Die richtige Dosis Selbstvertrauen für Neumarkts Grundschüler

8.10.2019, 18:53 Uhr
Die richtige Dosis Selbstvertrauen für Neumarkts Grundschüler

© Foto: Hauke Höpcke

 Grundschüler sind lieb, harmlos und haben keine Probleme. Dieses verbreitete Bild ist falsch. Es hat wohl noch nie gestimmt. Kinder haben seelische Nöte, leiden unter Gewalt, mobben Mitschüler – vielleicht noch nicht in der Form wie halbstarke Jugendliche.

"Es gibt Sechs- oder Siebenjährige, die sich selbst versorgen müssen, alleine aufstehen und pünktlich zur Schule gehen", sagt Wolfgang Biller. Er ist seit zwei Jahren Schulsozialarbeiter für die Grundschulen in Hasenheide, Holzheim, Pölling, Woffenbach und Wolfstein.
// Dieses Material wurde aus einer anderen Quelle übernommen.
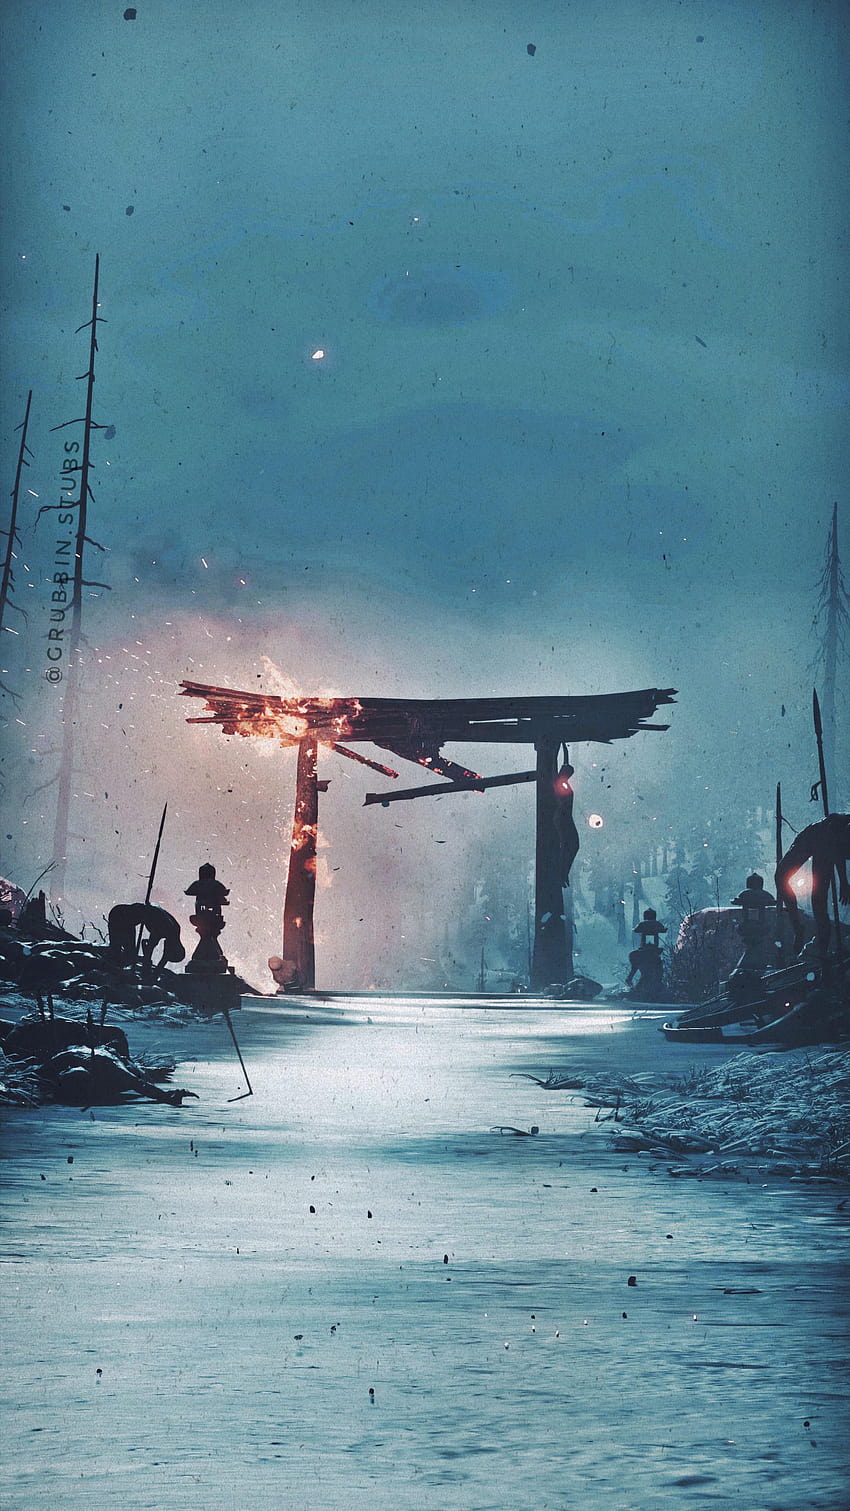 Ghost of tsushima has to be one of the most beautiful games ever made. :  r/playstation

Wenn der Zweitklässler austickt, fliegt schon mal ein Stuhl

Ganz gewiss keine sogenannten Brennpunktschulen. Weshalb die Stadt seine Stelle als eine freiwillige Leistung vollständig selbst finanziert. An seinen fünf Schulen betreut Biller derzeit 85 Akutfälle. Etwa einen Zweitklässler, der nach acht Minuten Unterricht austickt. Dann fliegt schon mal ein Stuhl.

"Früher hätte die Lehrkraft nur die Option gehabt, die Eltern anzurufen und das Kind abholen zu lassen", sagt Ulrike Winkler, Schulleiterin in Woffenbach. "Aber eigentlich ist dies keine Lösung, sondern die Situation wird letztlich schlimmer."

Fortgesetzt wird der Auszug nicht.